• [AIM OF THE EXERCISE] Copy the listing that follows exactly. Its pictures do not belong in the copy.

• [INFORMATION SHOWN]
-- -- --
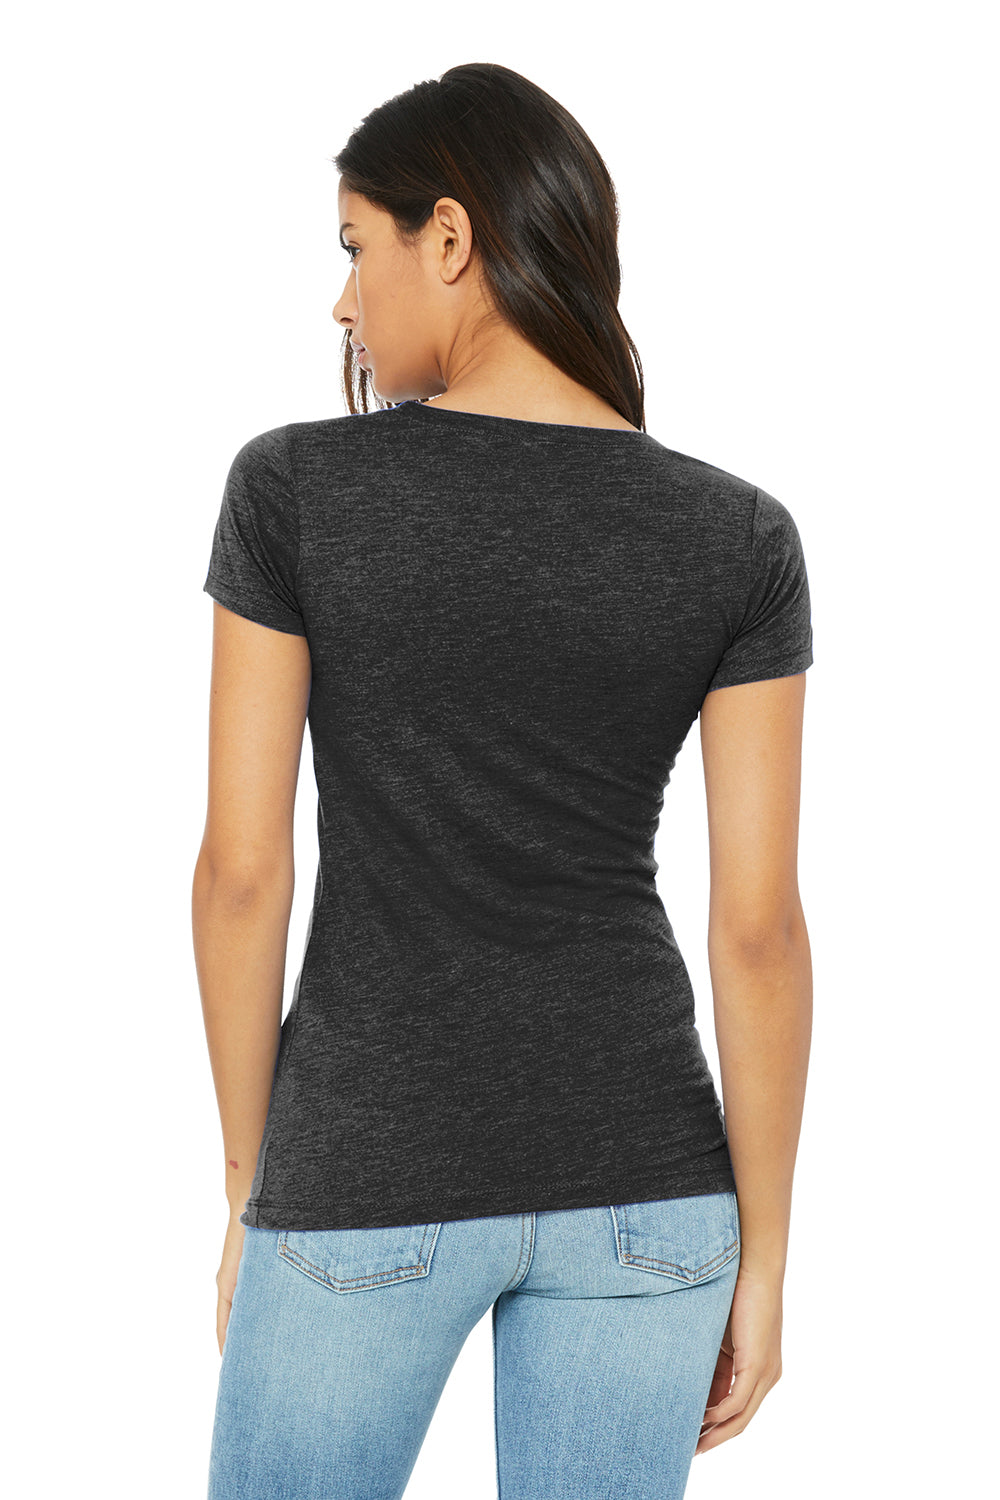 Bella + Canvas BC8413/B8413/8413 Womens Short Sleeve Crewneck T-Shirt Charcoal Black Model Back
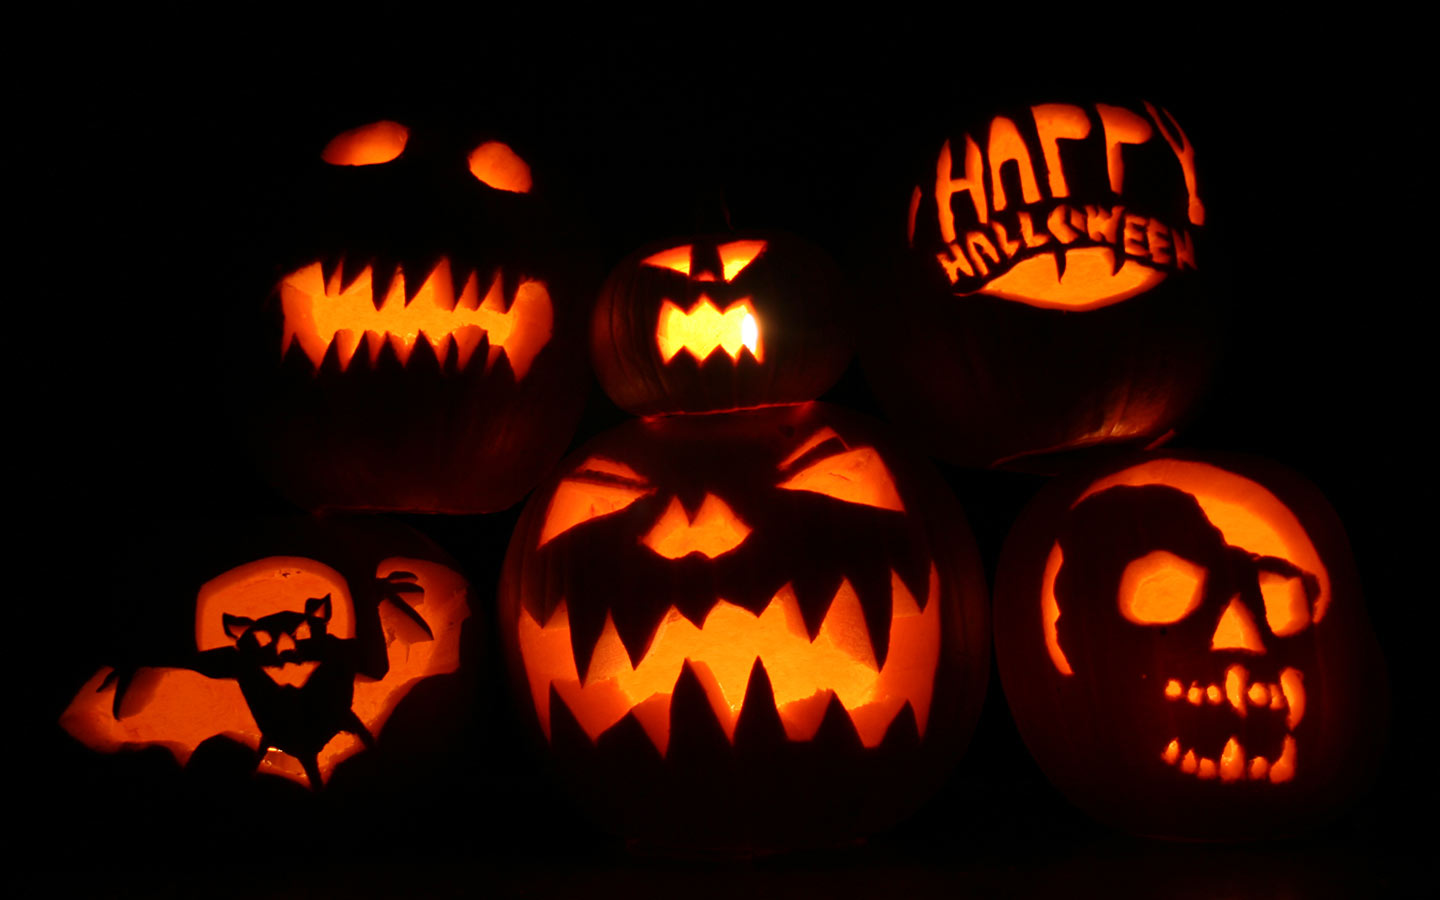 Festa de Halloween !!! Comidas totalmente com temas de terror
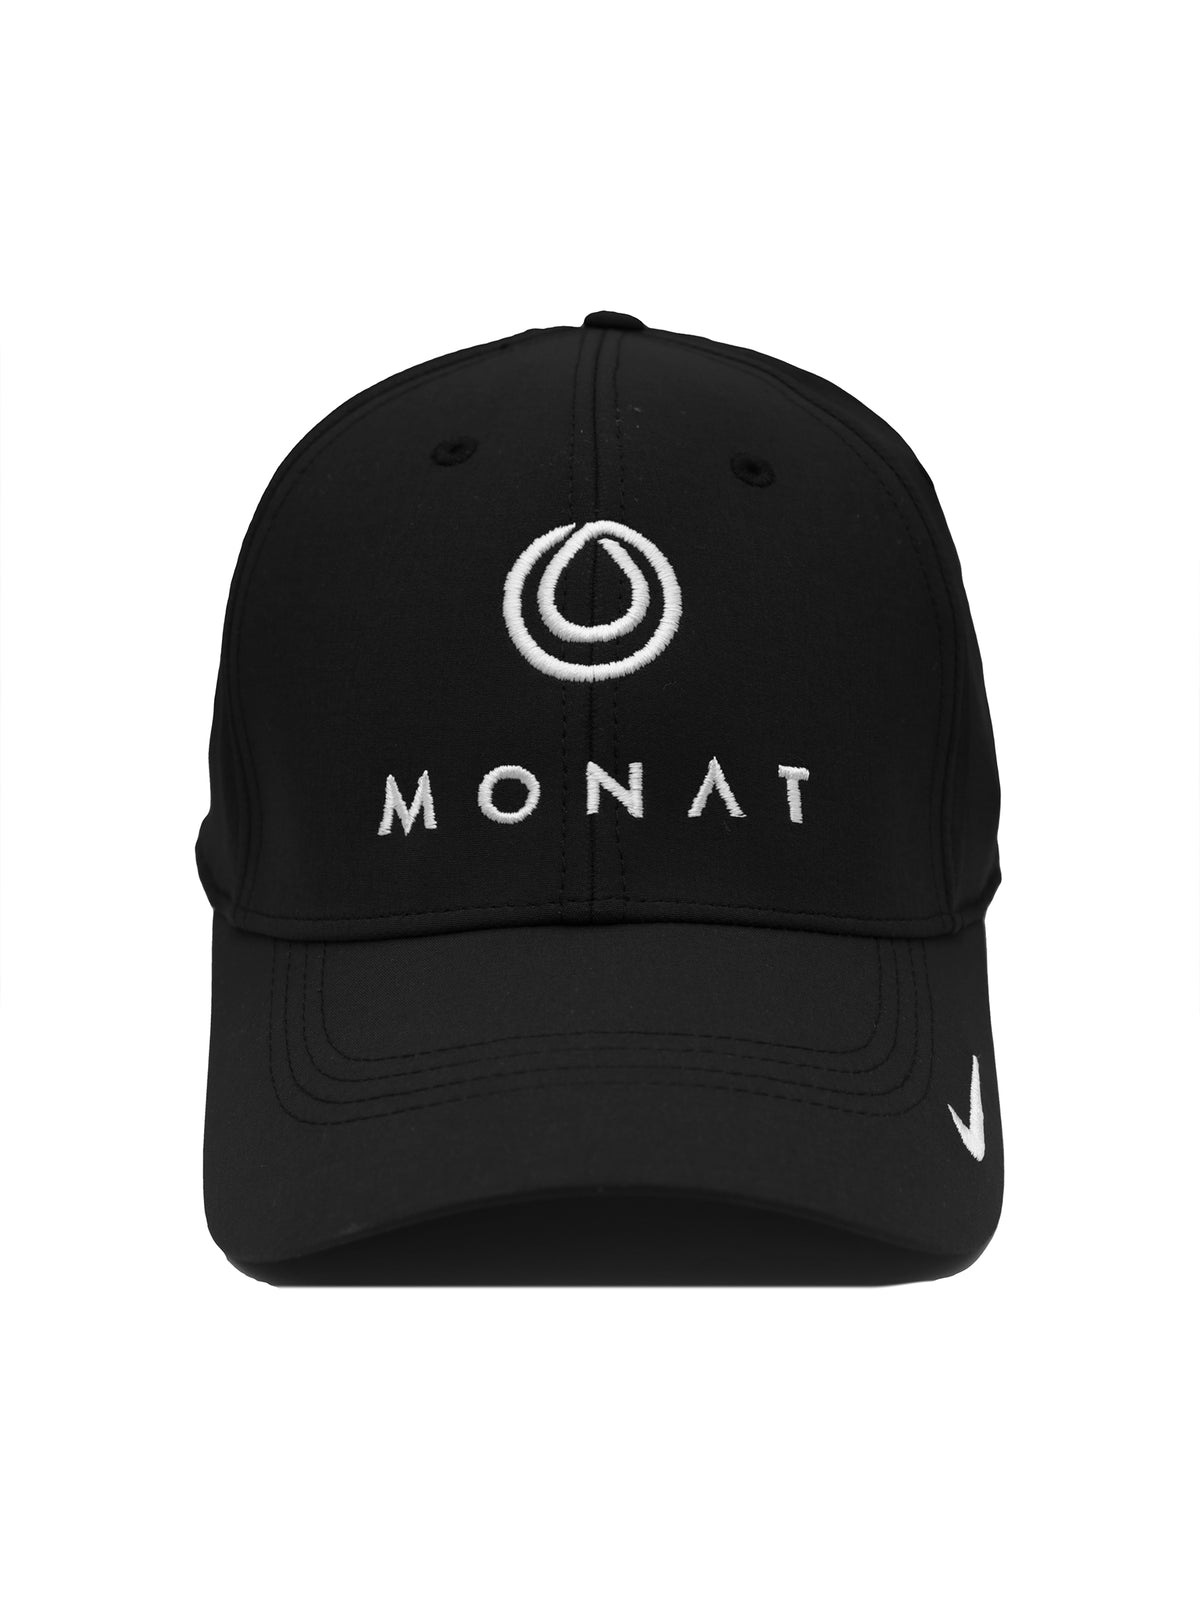 Monat Nike Cap by Monat Gear
-- -- --
• [RESPONSE AREA]
 Bella + Canvas BC8413/B8413/8413 Womens Short Sleeve Crewneck T-Shirt Charcoal Black Model Back
 Festa de Halloween !!! Comidas totalmente com temas de terror
 Monat Nike Cap by Monat Gear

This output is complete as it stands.